• **Task statement**
Using the data below, restate exactly every line from the one with "Levis-Stadium-Shuttle-Bus-49ers-vs-Seahawks-Tickets" up to and including the one with "The Pride of Austria". No picture belongs in it.
** Opening Records for this exercise block **
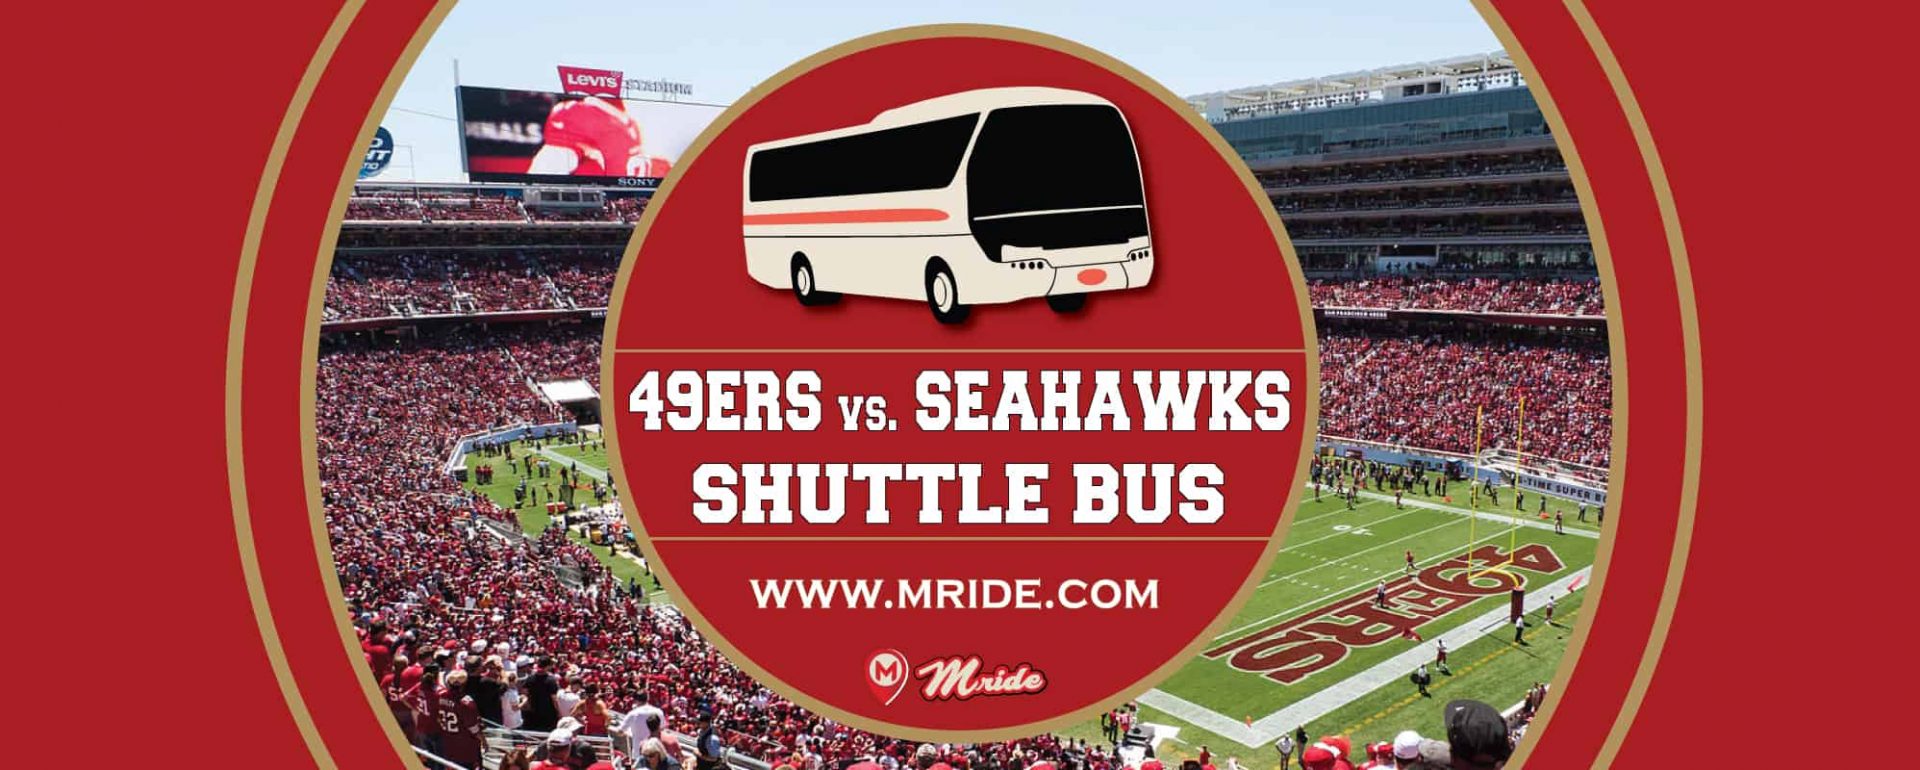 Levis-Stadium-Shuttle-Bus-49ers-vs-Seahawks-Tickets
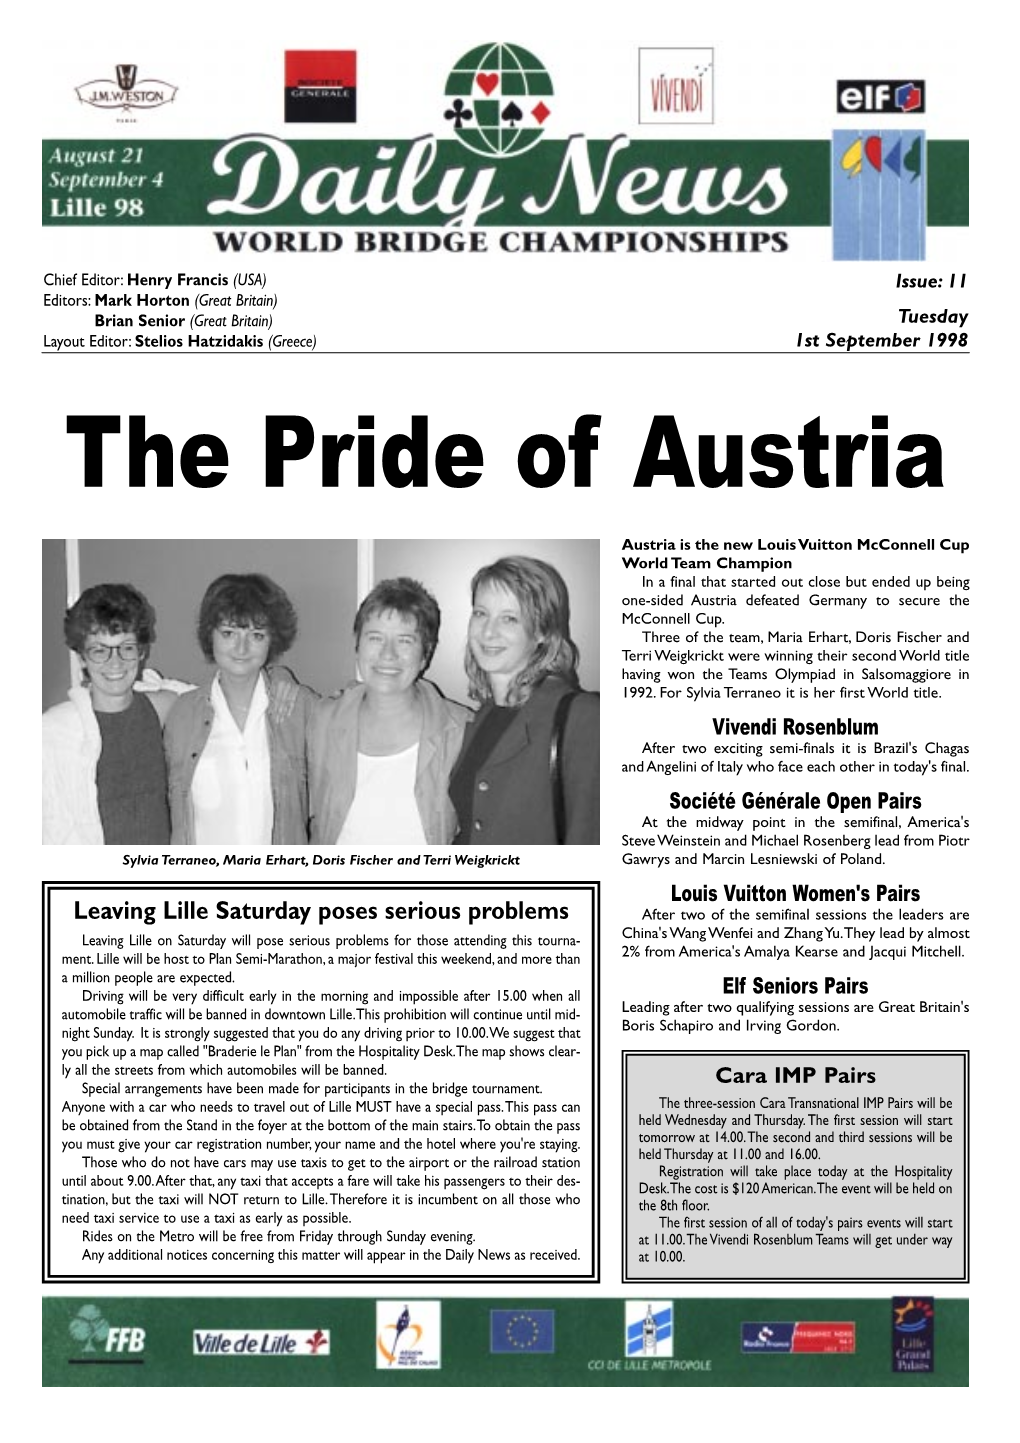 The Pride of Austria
** Closing Records for this exercise block **
** Opening Records for this exercise block **
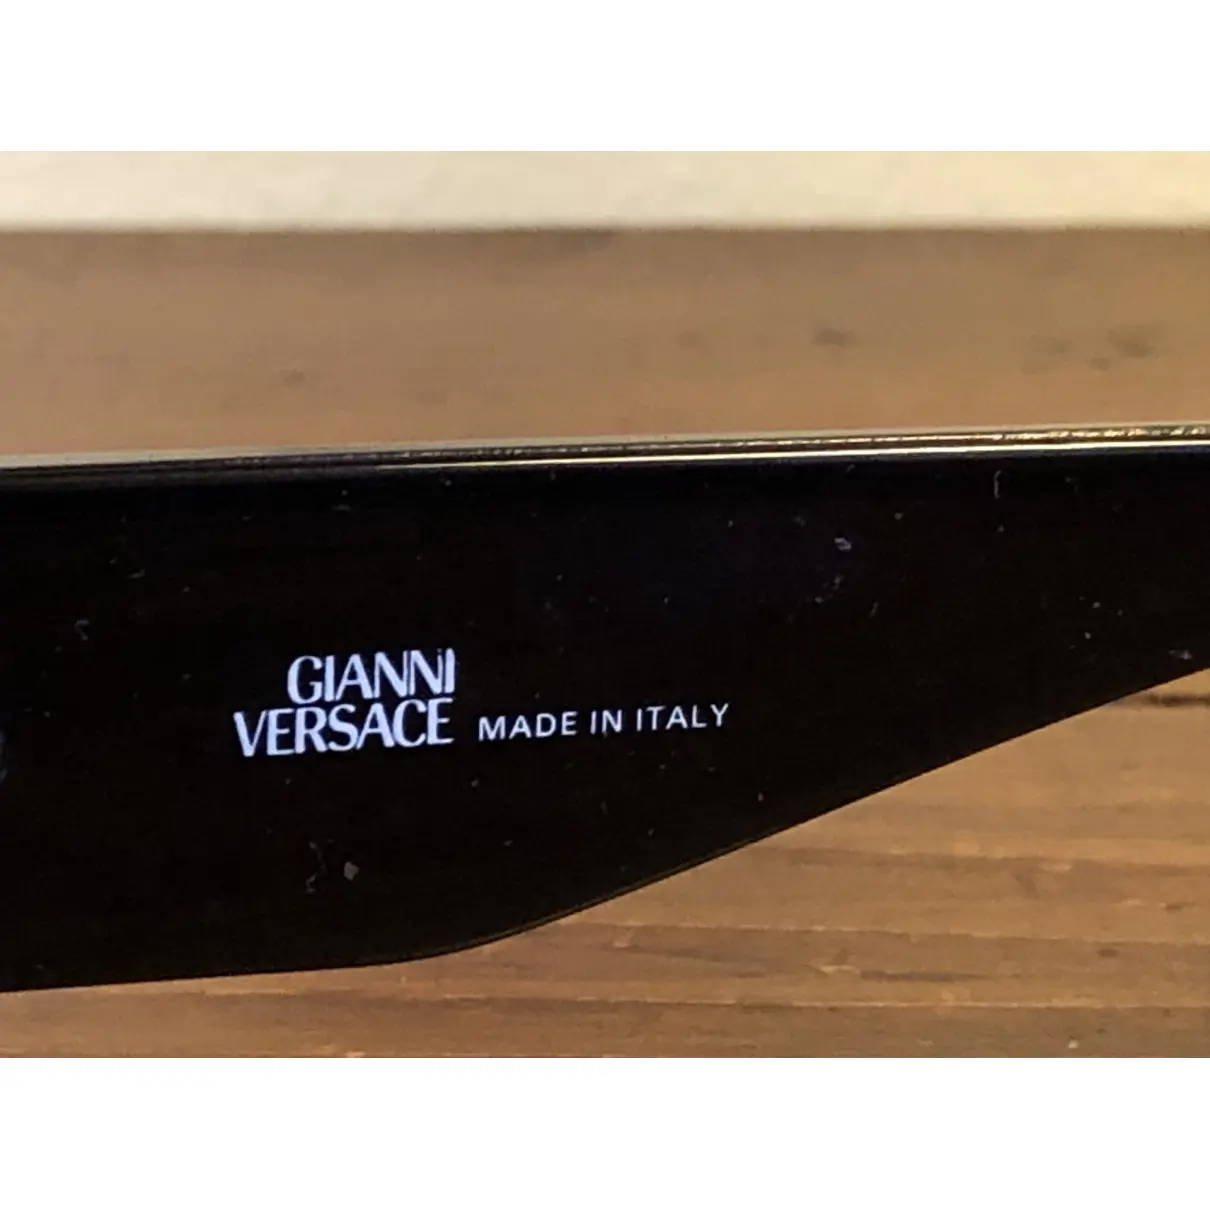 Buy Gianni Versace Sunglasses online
** Closing Records for this exercise block **
• **Exercise result**
 Levis-Stadium-Shuttle-Bus-49ers-vs-Seahawks-Tickets
 The Pride of Austria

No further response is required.